DOJ Tries Acting Normal In New Jersey - Above the Law
"The unexpected gravitas occurred in one of the thousands of habeas cases currently swamping trial courts. The Department of Homeland Security recently discovered that 8 USC § 1225(b)(1)(B)(iii)(IV) requires mandatory detention of asylum seekers, including those who were released in the country decades ago and given work permits. Hundreds of judges across the country - but not the Fifth Circuit! - have scoffed at this discovery and ordered DHS to either grant immigrants a bond hearing or release them."

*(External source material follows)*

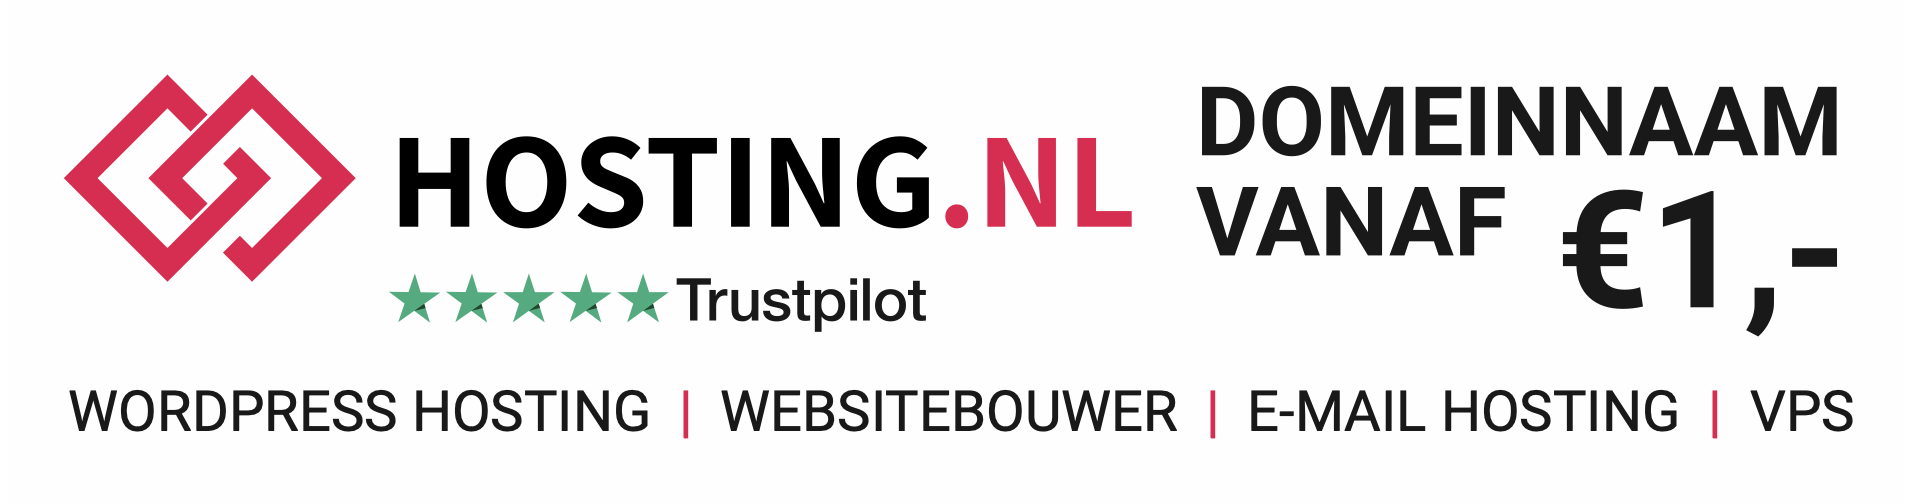 Banner Hosting.NL

"But DHS just ... keeps doing it, forcing immigrants to race to file individual habeas claims before being disappeared to a gulag in Texas. Virtually every district court in the country is straining under the weight of dozens or hundreds of virtually identical habeas petitions which require immediate judicial attention. The problem is exacerbated by DHS's total lack of interest in complying with court orders."

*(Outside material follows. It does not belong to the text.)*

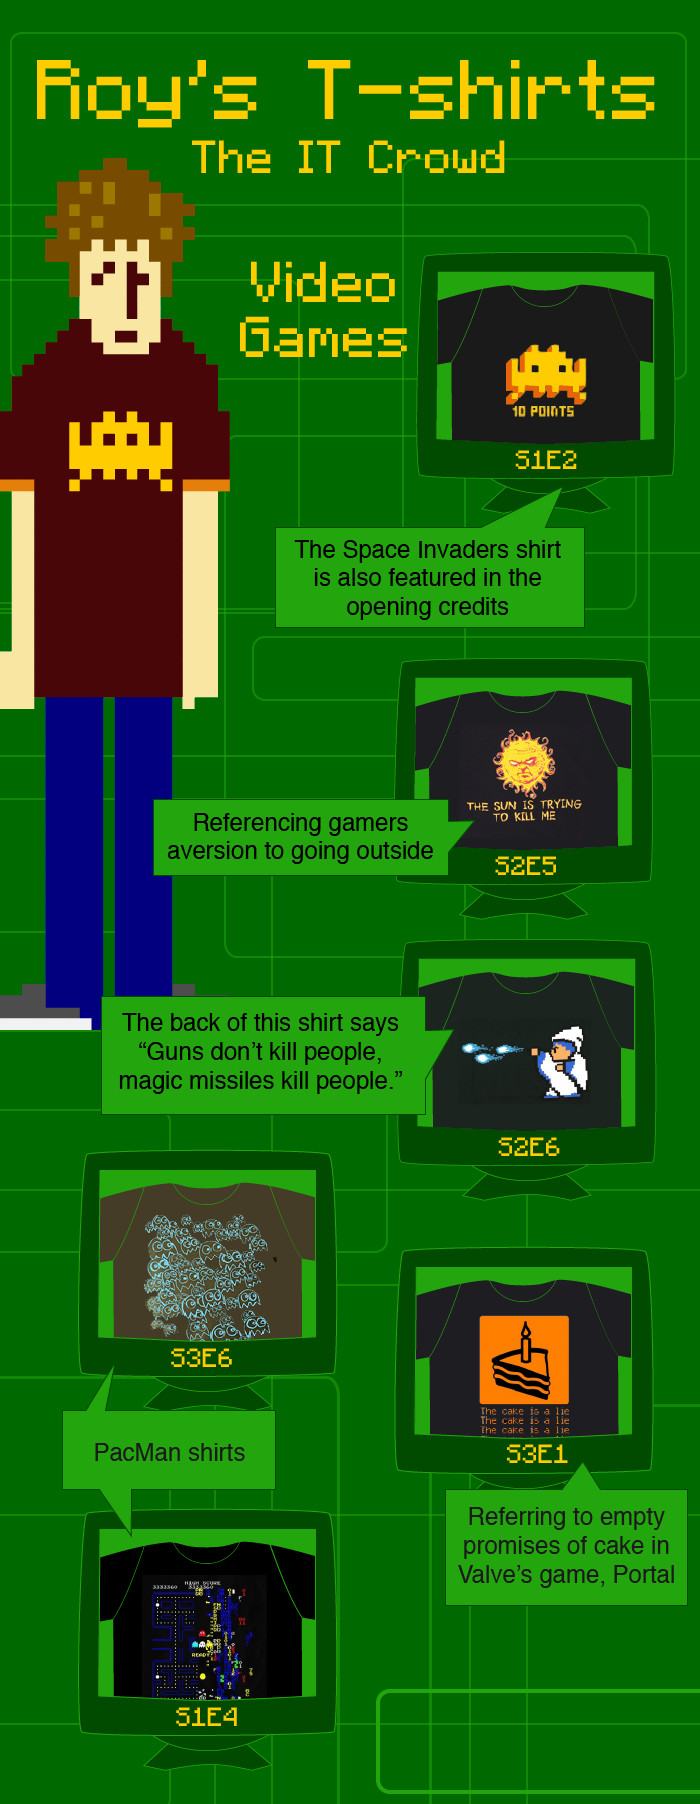 Obrázek roys tshirts video games

A Department of Justice prosecutor in New Jersey returned to ordinary prosecutorial practice after a year of open defiance by acting U.S. Attorney Alina Habba and Attorney General Pam Bondi, who publicly attacked judges. The situation coincides with thousands of habeas petitions challenging DHS's view that 8 USC §1225(b)(1)(B)(iii)(IV) mandates detention of asylum seekers, including long-released migrants with work permits. Many district judges rejected that interpretation and ordered bond hearings or release, but DHS repeatedly failed to comply, forcing immigrants to file individual habeas claims and overwhelming courts; Minnesota's Chief Judge Schiltz documented numerous violated orders.